Coğrafi konumu ve bağlantılarının Türkiye’nin değerini artırmaya devam edeceğini altını çizen Şimşek, “En önemli ticaret ortaklarımız arasında Avrupa yer alıyor, yüzde 51 ihracat potansiyelimiz var. Orta Asya ve Kuzey Afrika da önemli bir ihracat ortağımız. Pandemi sonrası emtia fiyatları istikrara kavuştu. Piyasalar jeopolitik gerilimlere bir şekilde kulaklarını kapatmış durumda. Türkiye’nin politika öncelikleri; fiyat istikrarını devam ettirmek, mali pozisyonumuzu güçlendirmek, bütçe açığını daraltmak ve yapısal dönüşümüze devam etmek. Türkiye’de enflasyon yüksek ama düşecek, bunun için dezenflasyon programı geliştirdik. Bir yıllık bir geçiş dönemindeyiz. Uzun bir süreç önümüzdeki 3 yıl boyunca enflasyonu düşürmeye devam edeceğiz. Bu da yeni değerlerin ortaya çıkmasını sağlayacak. Türkiye’de faaliyet gösteren şirketler de büyümeye devam edecek” ifadelerini kullandı.

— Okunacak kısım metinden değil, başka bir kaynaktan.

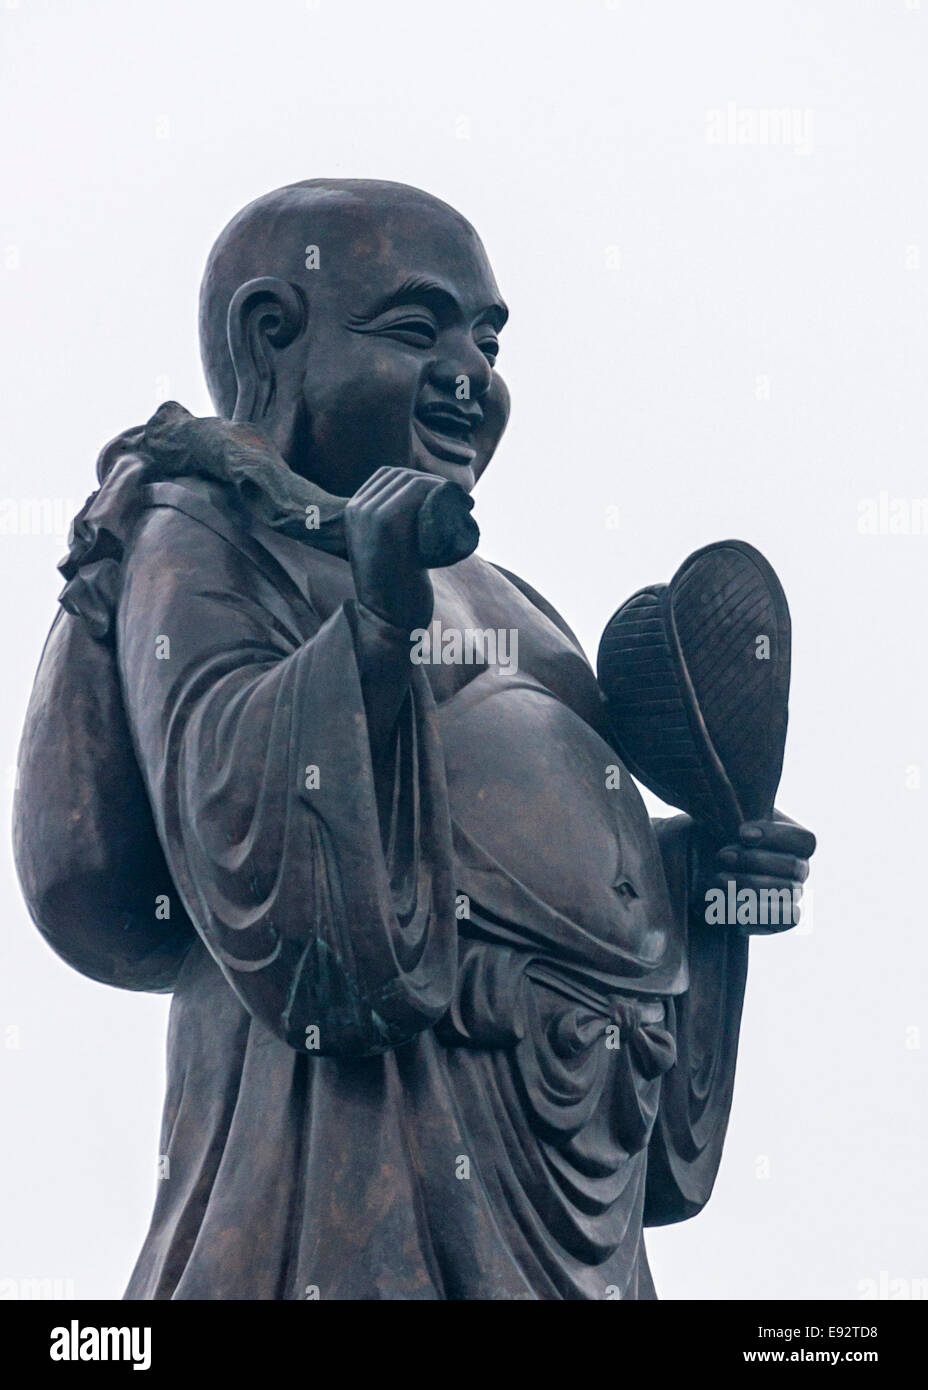 36 Ton granite statue of happy wandering Buddha. Stock Photo

“Türkiye henüz küresel dezenflasyon rüzgarına kapılmadı”

Türkiye’nin ekonomi programının sağlam politikalar ve yapısal reformların birleşimi sayesinde çalıştığının altını çizen Şimşek, “Deprem nedeniyle geçen sene büyük açık verdik. İlave tedbirler alıyoruz. Tasarruf tedbirleri geliştirdik ve vergi reformu gerçekleştiriyoruz aynı zamanda kayıt dışı ekonomiyle mücadelemiz devam ediyor. Bütçe açığının GSYH oranını yüzde 3’ün altına düşüreceğiz. Türkiye henüz küresel dezenflasyon rüzgarına kapılmadı. Parasal politikalarımız istikrarlı bir şekilde uygulanmaya devam ediyor. Cari açıktaki düşüş rezerv birikiminin temeli olacak. Portföy tercihleri TL’nin lehine olacak. Yapısal problemlerimizi çözüyoruz. Reel kur oranları bizim lehimize dönecek bu da dezenflasyonu daha da güçlendirecek. Bunların merkezinde büyümeyi sürdürülebilir hale getirmeye çalışıyoruz. Türkiye’nin CDS puanı 439 baz puan düştü. Kur değişkenliği nominal ölçüde devam ediyor. Değişkenlik azaldı. Büyüme kompozisyyonu ilerlemeye devam ediyor net ihracat buna büyük katkı sağlıyor, cari açık Mart ayında 57 milyar dolardan 30 milyar dolara düştü. Anlamlı bir şekilde düşmeye devam edecek ve GSYH’ye oranı yüzde 2,5’te kalacak” diye konuştu.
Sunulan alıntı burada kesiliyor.